§ **ABOUT THIS EXERCISE**
Starting from the line with "Wilma Rocks Silicone", please copy exactly every line to the end of the listing, but not the pictures.

§ **DATA EXCERPT**
□ □ □ □

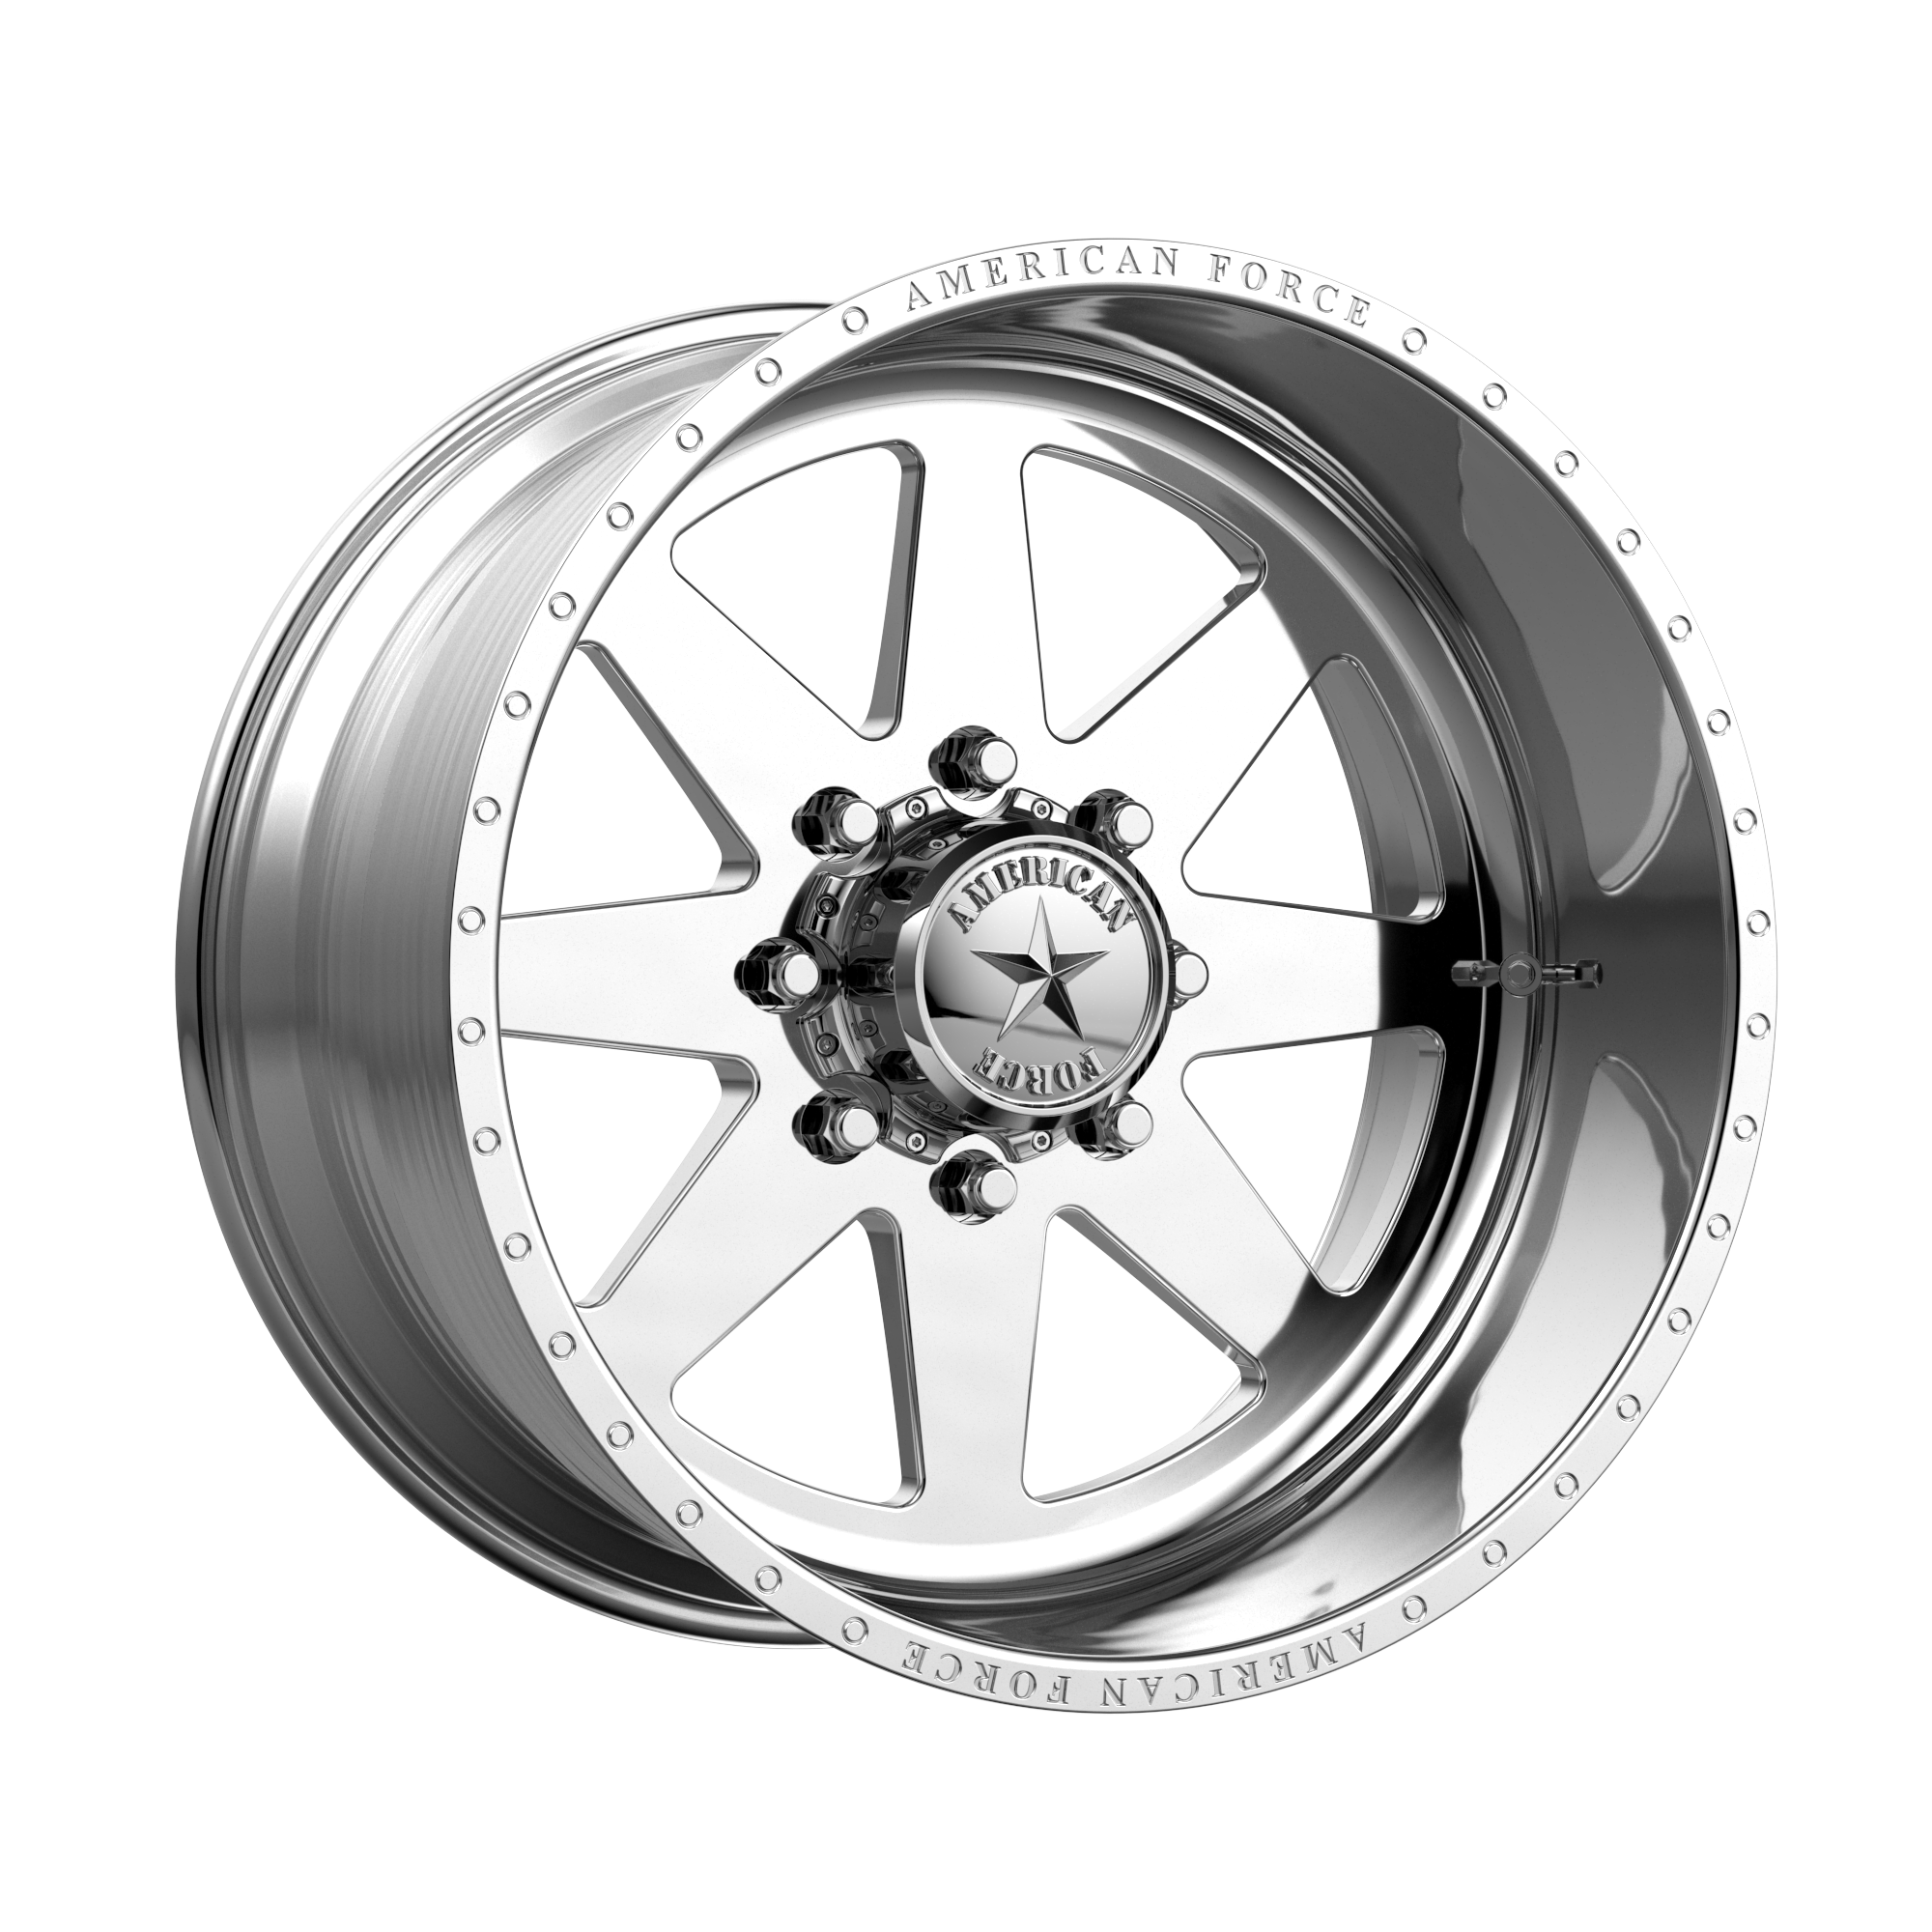 INDEPENDENCE SS 20x12 6x135.00 POLISHED (-40 mm) - Tires and Engine Performance
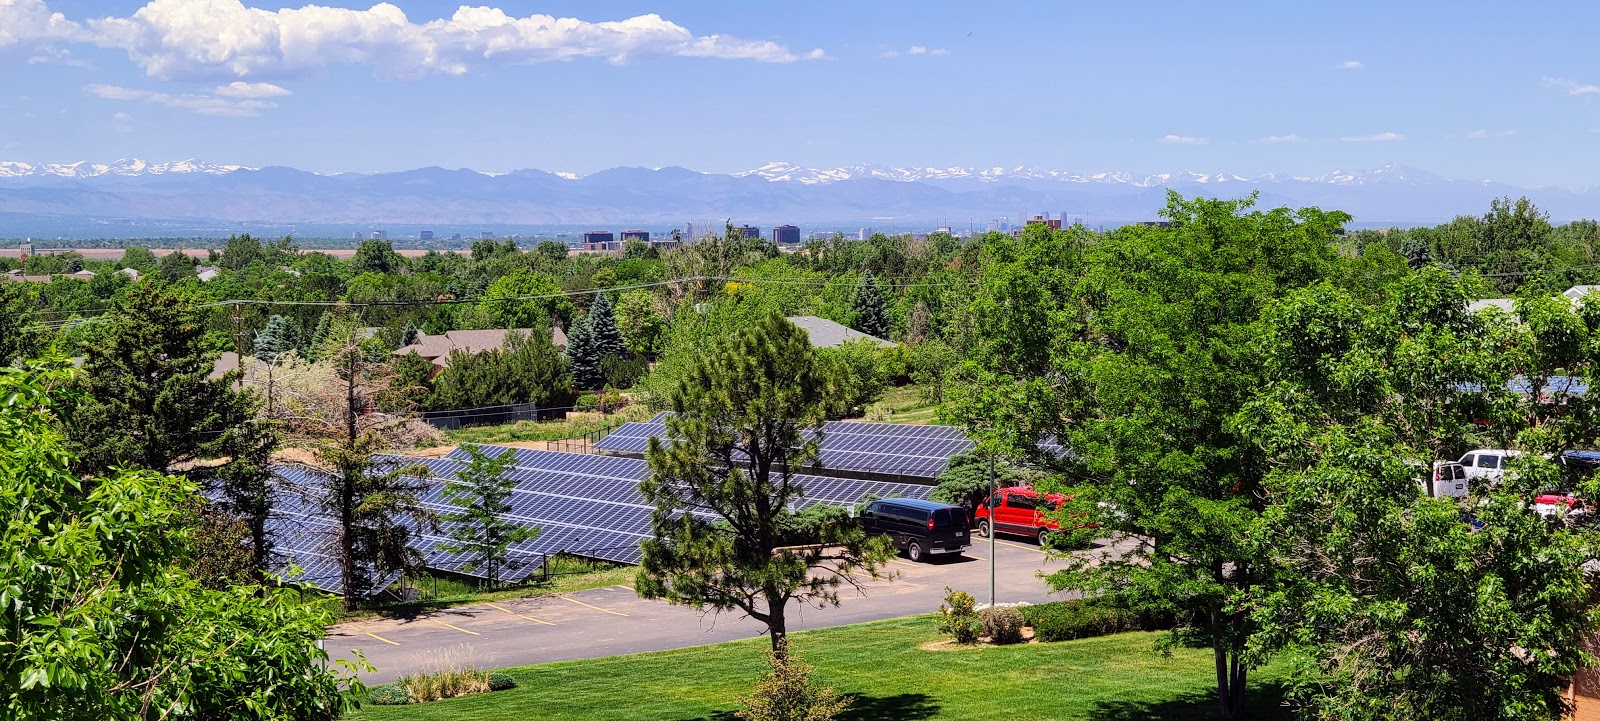 A view of the Oxford Vista solar field with a backdrop of the Colorado mountain range.
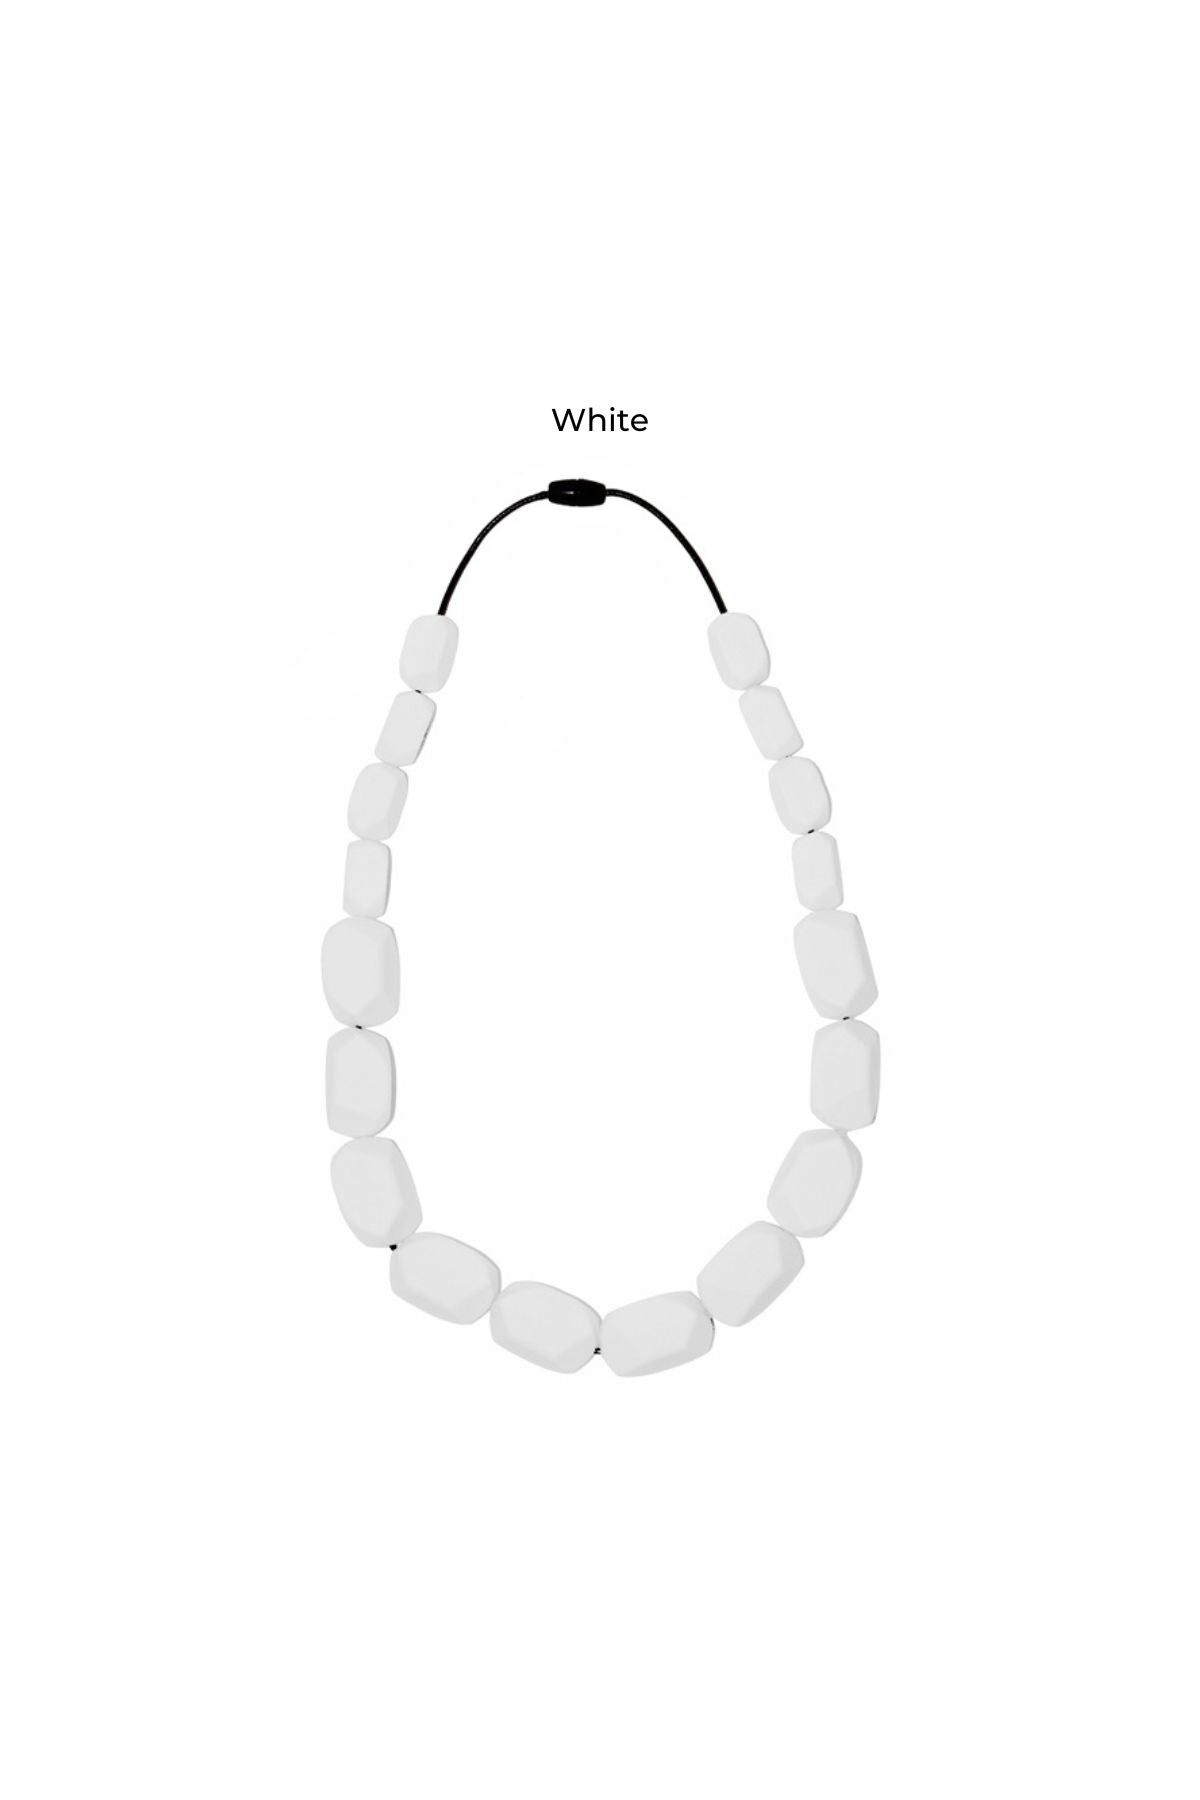 Wilma Rocks Silicone Teething Necklace in White
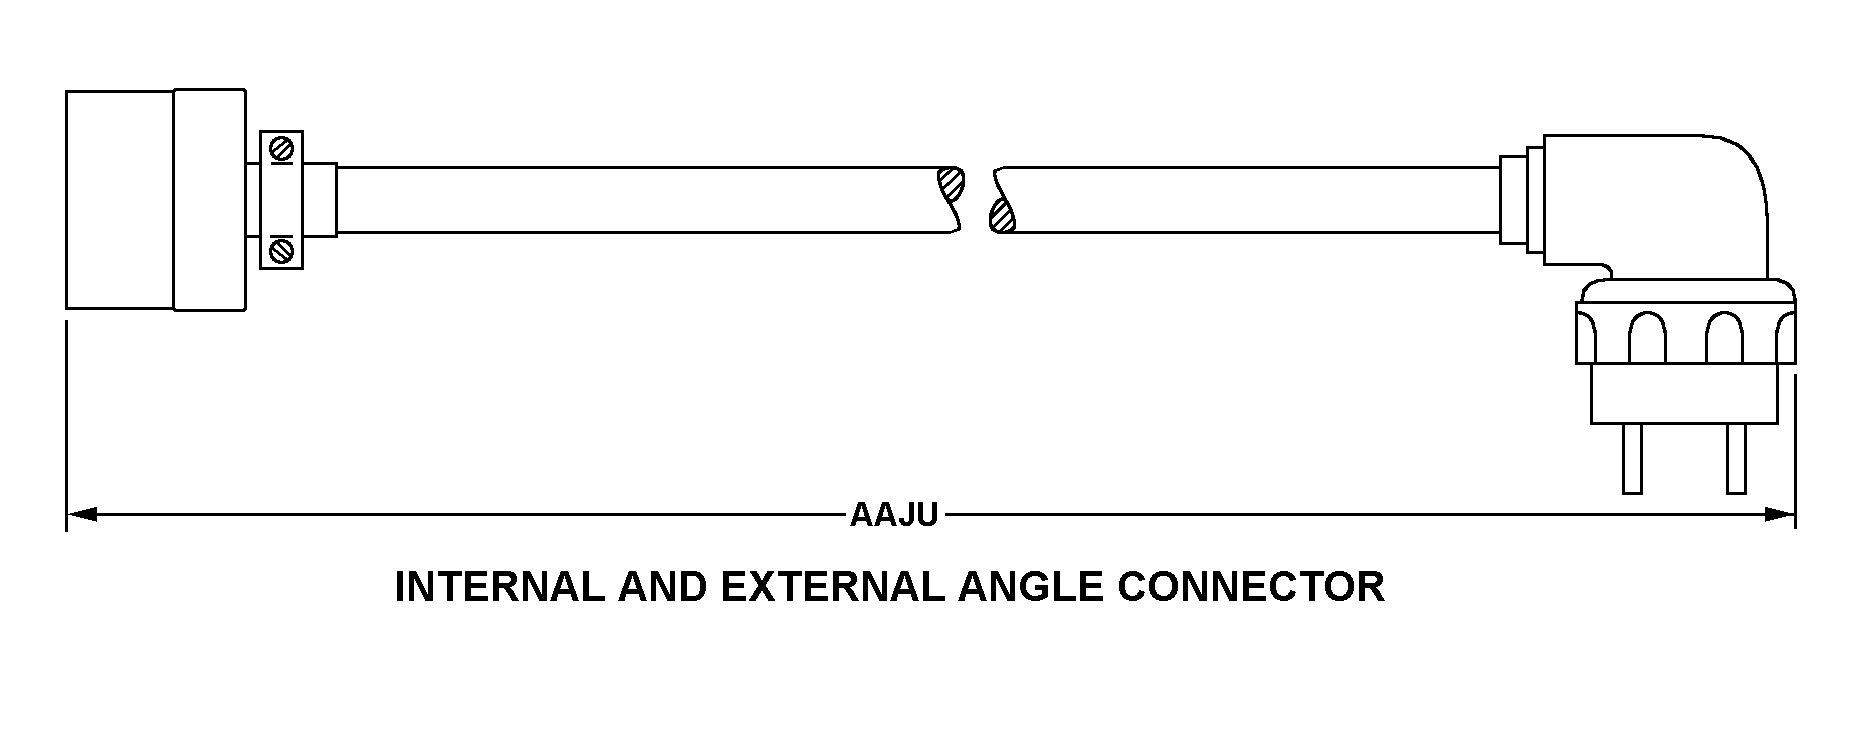 INTERNAL AND EXTERNAL ANGLE CONNECTOR style nsn 5995-01-411-7429

□ □ □ □

§ **SOLUTION TO THIS EXERCISE**
 Wilma Rocks Silicone Teething Necklace in White
 INTERNAL AND EXTERNAL ANGLE CONNECTOR style nsn 5995-01-411-7429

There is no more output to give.